Chevron versus ExxonMobil
Chevron has now assumed ExxonMobil's former role as the favorite punching bag for human rights activists. How does ExxonMobil compare to Chevron on human rights?
"I've been working with these two companies for about ten years," commented Bennett Freeman, a senior vice president with Calvert, one of the oldest social responsible investing companies. "Chevron is a laggard on human rights. They are viewed somewhat as a renegade, hence the focus on their operations in Ecuador and Nigeria."

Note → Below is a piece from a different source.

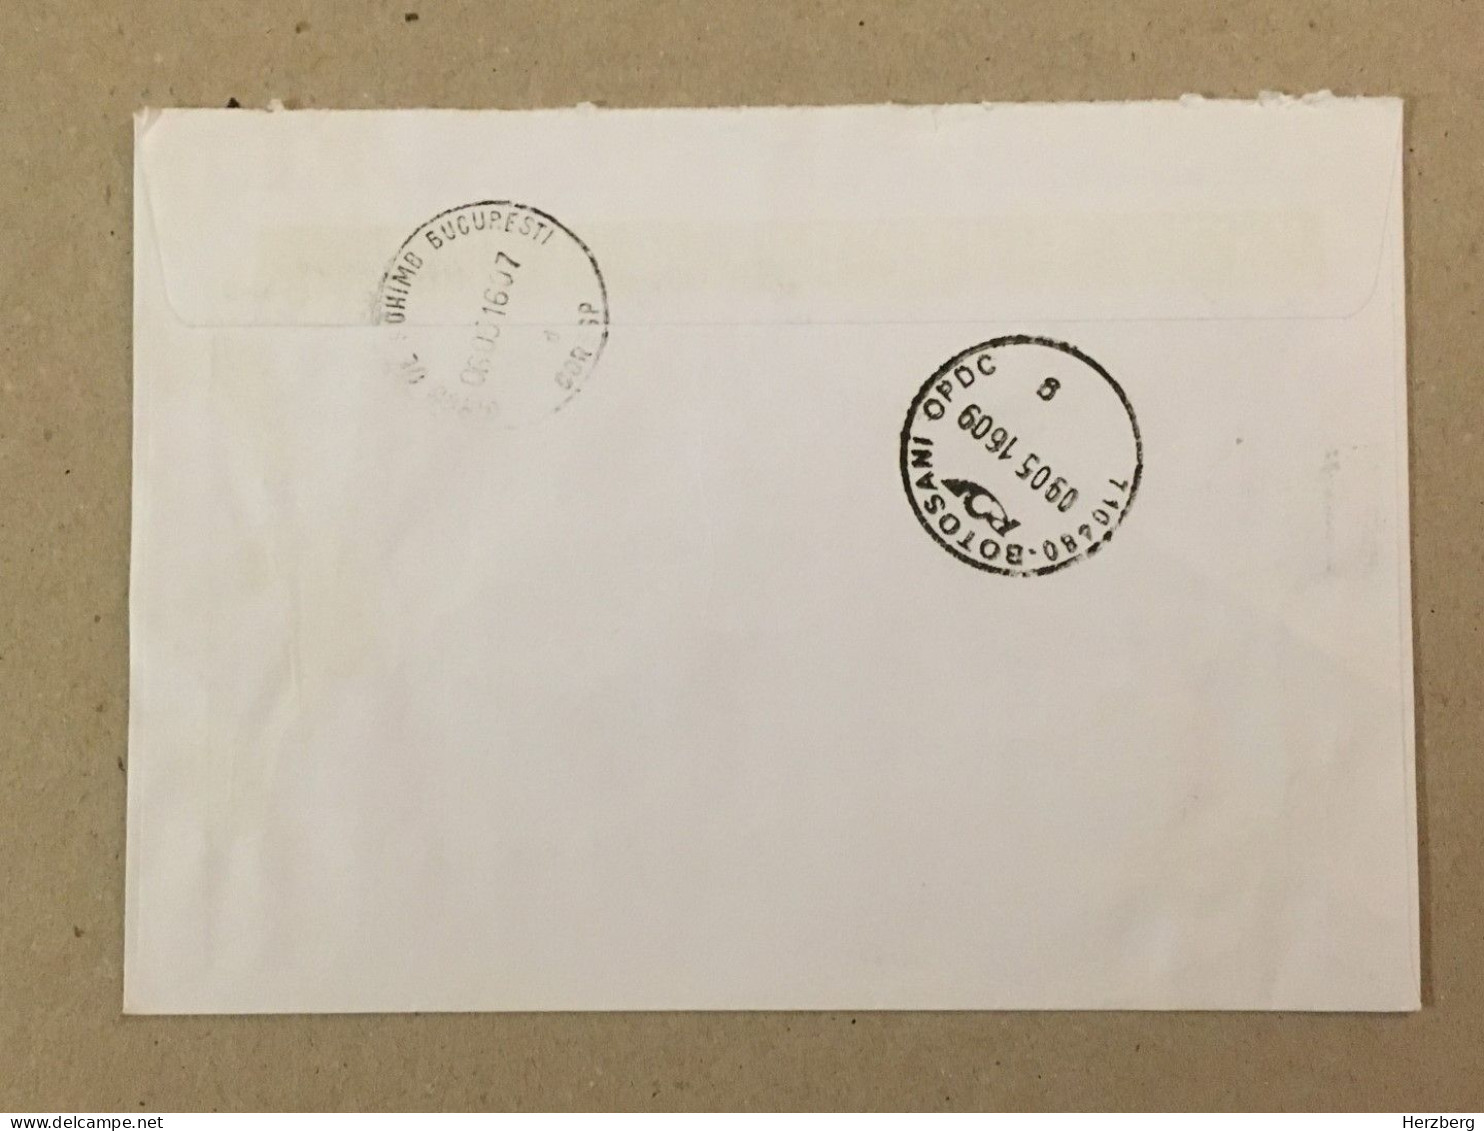 Hungary Magyarorszag Used Letter Stamp Cover Furniture Hawk Eagle Label Printed Sticker Stamp Registered Letter 2016 - Briefe U. Dokumente

In contrast, Freeman claimed that "ExxonMobil has made remarkable progress on the human rights front," ranking them at the top of all oil companies, (although Alaskans who live around the Prince William Sound may disagree). That said, he also acknowledged ExxonMobil was the only company among the Fortune 50 that has yet to ban discrimination for the gay community, a major shortcoming. "Chevron is more of a master of environmental issues, though ExxonMobil seems to have recently had a dose of reality pills, and is taking climate change seriously," continued Freeman of Calvert. "For example, they recently invested $600 to $700 million on developing biofuels from algae." Referring to Chevron's "human energy" advertising campaign, he added: "ExxonMobil does not do the warm and fuzzy thing well. They are very straight forward. If they tell you 'no,' they mean 'no.' They have a "command and control" culture that helps drive commitments through the company. With Chevron, he said, "social and environmental initiatives often get bottled up in the general counsel's office."
ExxonMobil's most unexpected position, at least from the standpoint of some environmentalists, is Tillerson's public stance in favor of a tax on carbon. In a speech on October 1, 2009, Tillerson outlined a list of principles to guide any effective carbon regulation program: simplicity; predictability; transparency; and global participation. Tillerson then argued that only a carbon tax met all of these criteria. "I firmly believe it is not too late for Congress to consider a carbon tax as the better policy approach for addressing the risks of climate. Indeed, there has never been a more opportune time for Congress pursue this course of action."
"We would welcome the support of ExxonMobil for a carbon tax," offered Bookbinder of the Sierra Club, the environmental organization whose membership often veers to the left. "It may well be up to corporations whether anything happens on the climate change front this year. Do they want a carbon tax or a complex regulatory system from EPA and all of the states going off in all kinds of direction?"
"I spoke with ExxonMobil two months ago about a potential carbon tax," revealed Freeman of Calvert. "ExxonMobil feels that a carbon tax has less clutter than cap and trade, which creates an Enron-like market that will dominated by Wall Street."
Despite these promising signs of change happening within the corporate culture at ExxonMobil, skeptics have plenty of ammunition that the company's public and private stance on climate change still appears to be in conflict. For example, at the company's last shareholder meeting in Houston, Texas, shareholders report that Tillerson refused to acknowledge climate change was real. Recent reports imply the company was still funding scientist skeptics in the lead up to Copenhagen, though a few stakeholder engagement experts claim firm evidence of ExxonMobil's involvement is lacking, going so far as to say that employees can get fired if they publicly question the reality of human-caused climate change.